**Source material**
************

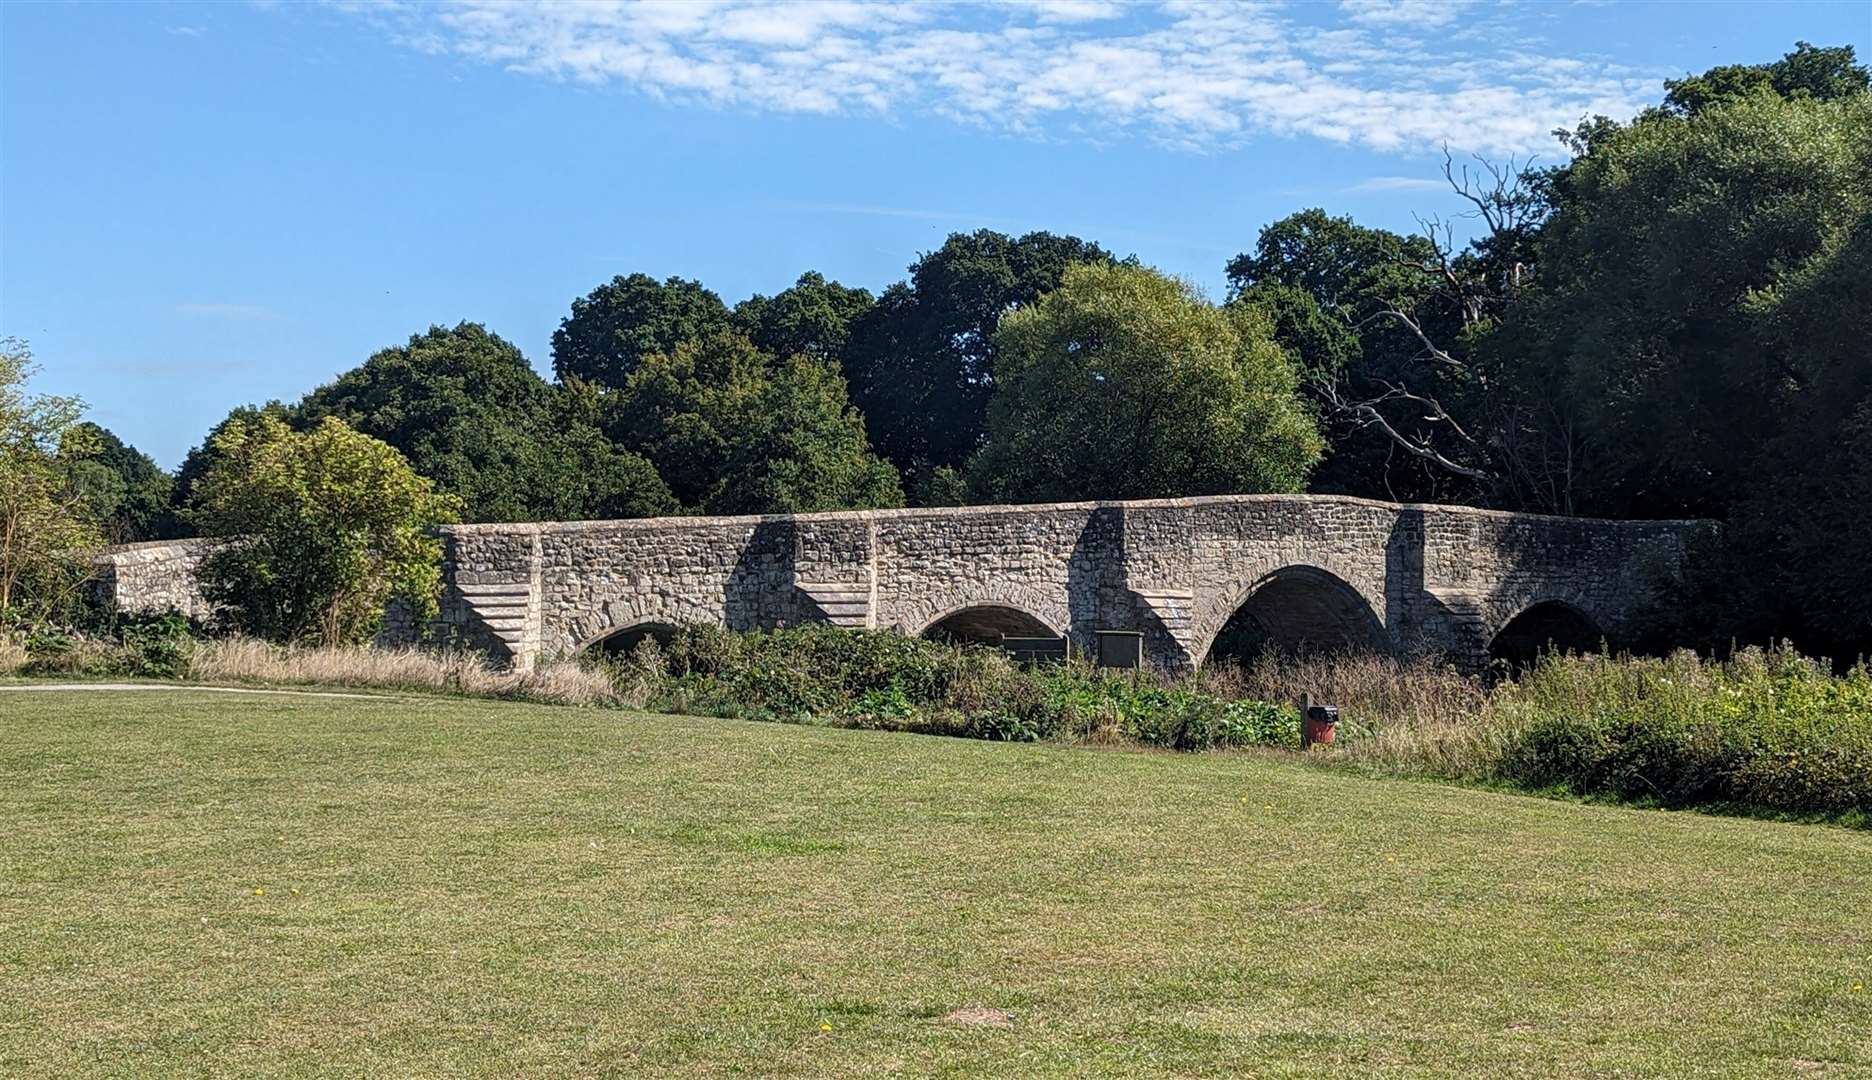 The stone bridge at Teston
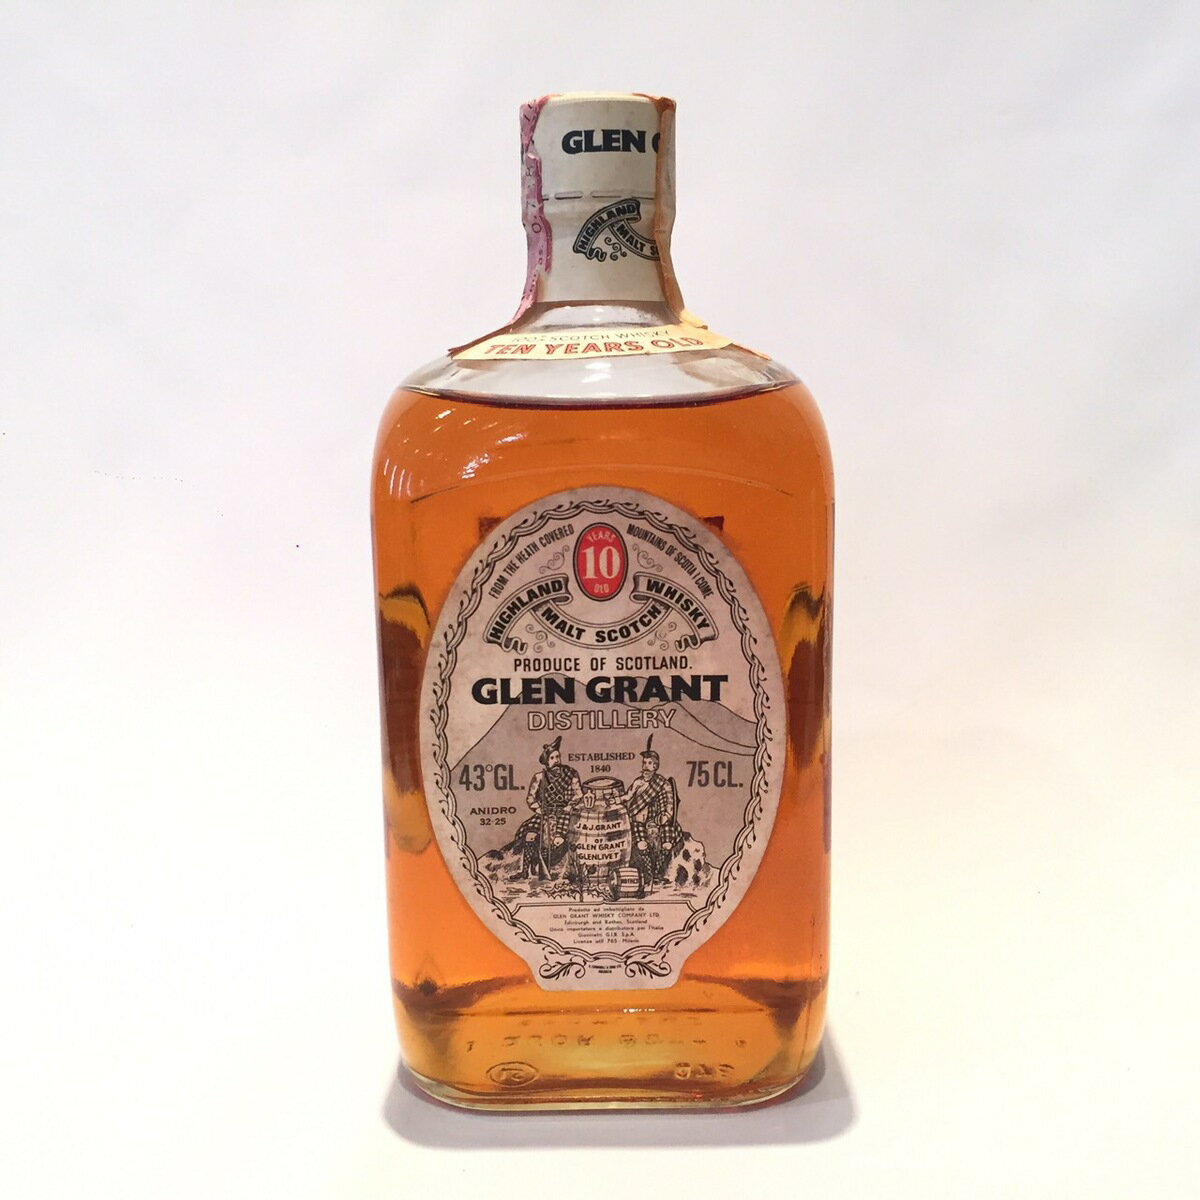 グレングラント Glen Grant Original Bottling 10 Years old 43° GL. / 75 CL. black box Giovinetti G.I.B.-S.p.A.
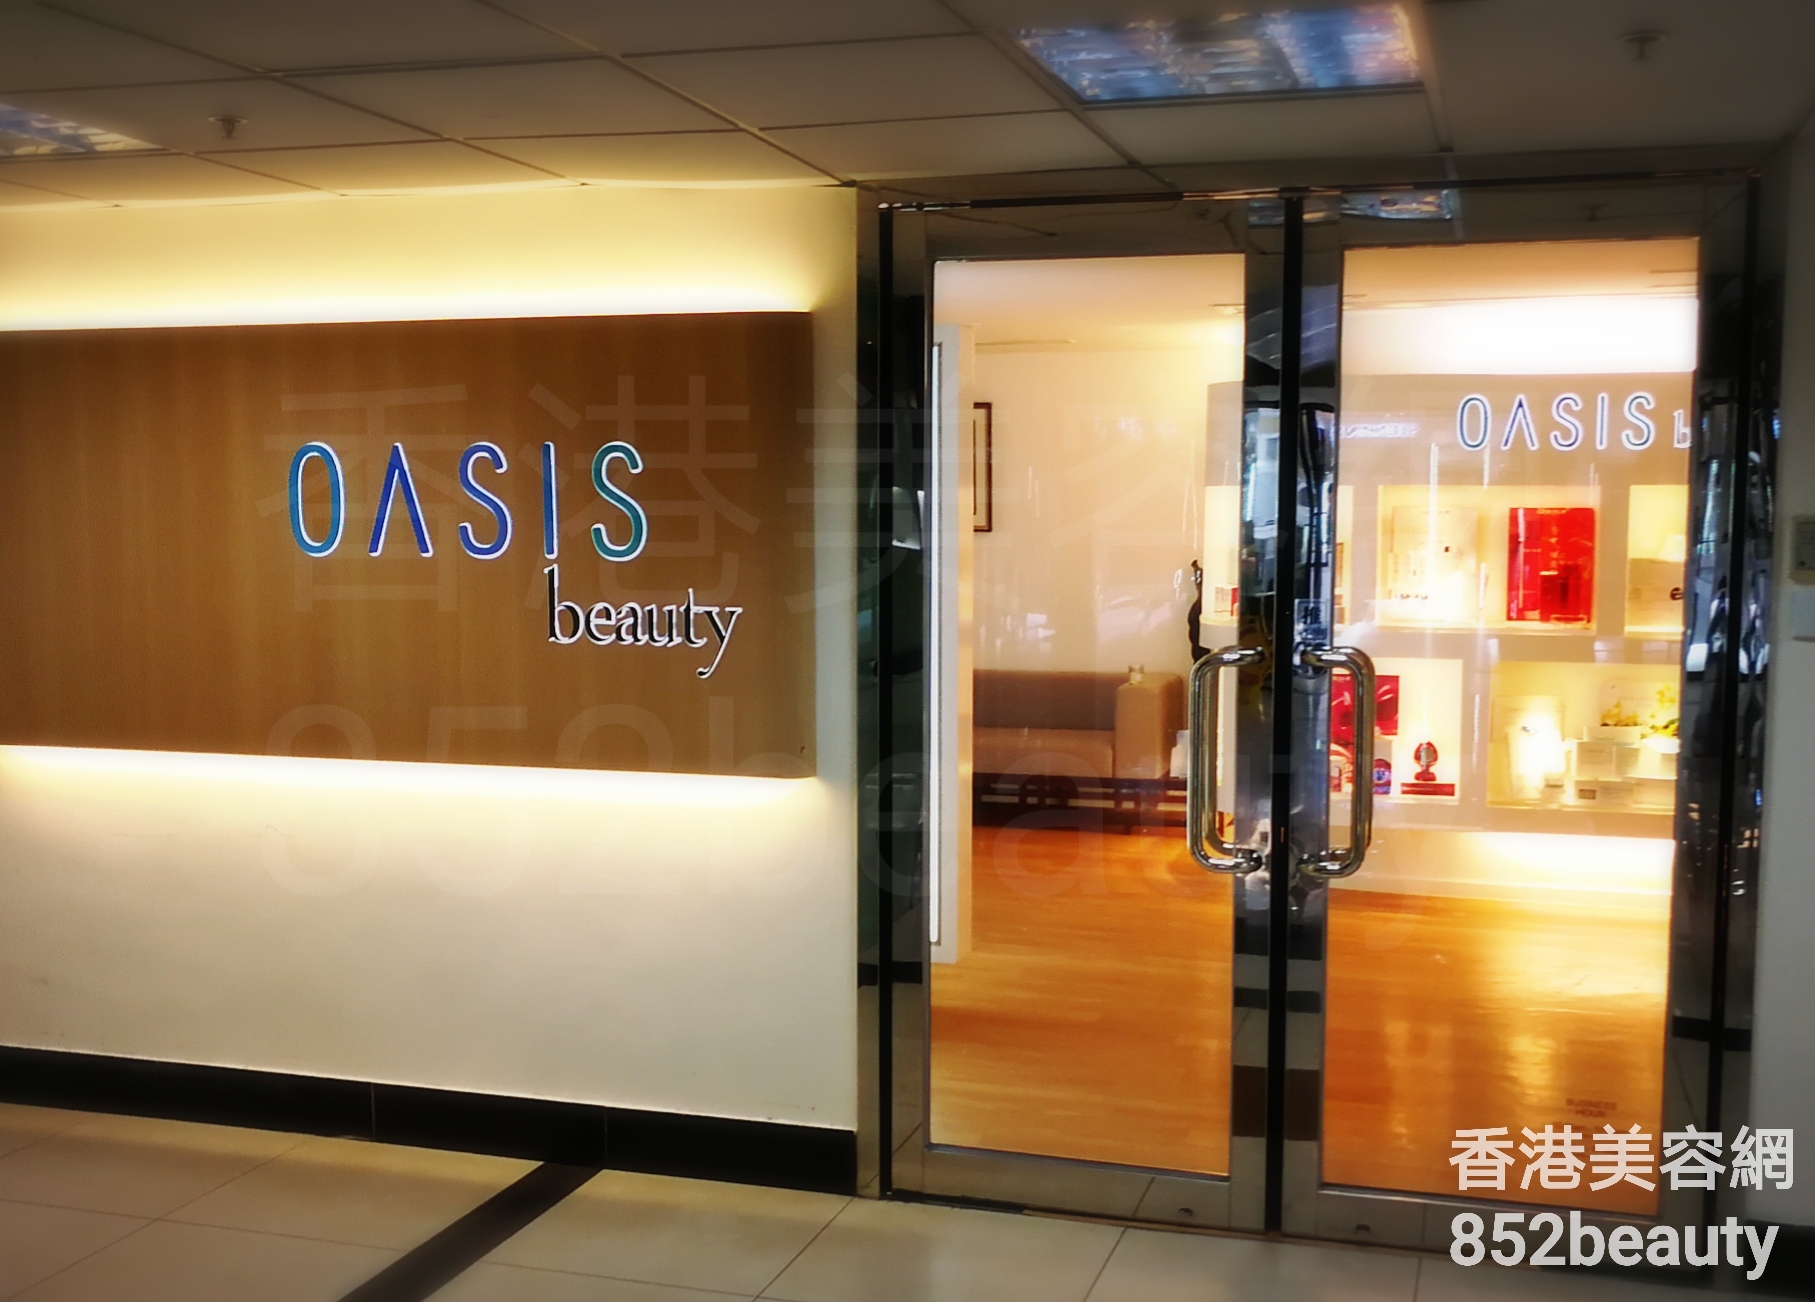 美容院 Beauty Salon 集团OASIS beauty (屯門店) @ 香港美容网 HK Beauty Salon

************

**What this task involves**
Reproduce every line above word for word; no images.

**Response**
 The stone bridge at Teston
 グレングラント Glen Grant Original Bottling 10 Years old 43° GL. / 75 CL. black box Giovinetti G.I.B.-S.p.A.
 美容院 Beauty Salon 集团OASIS beauty (屯門店) @ 香港美容网 HK Beauty Salon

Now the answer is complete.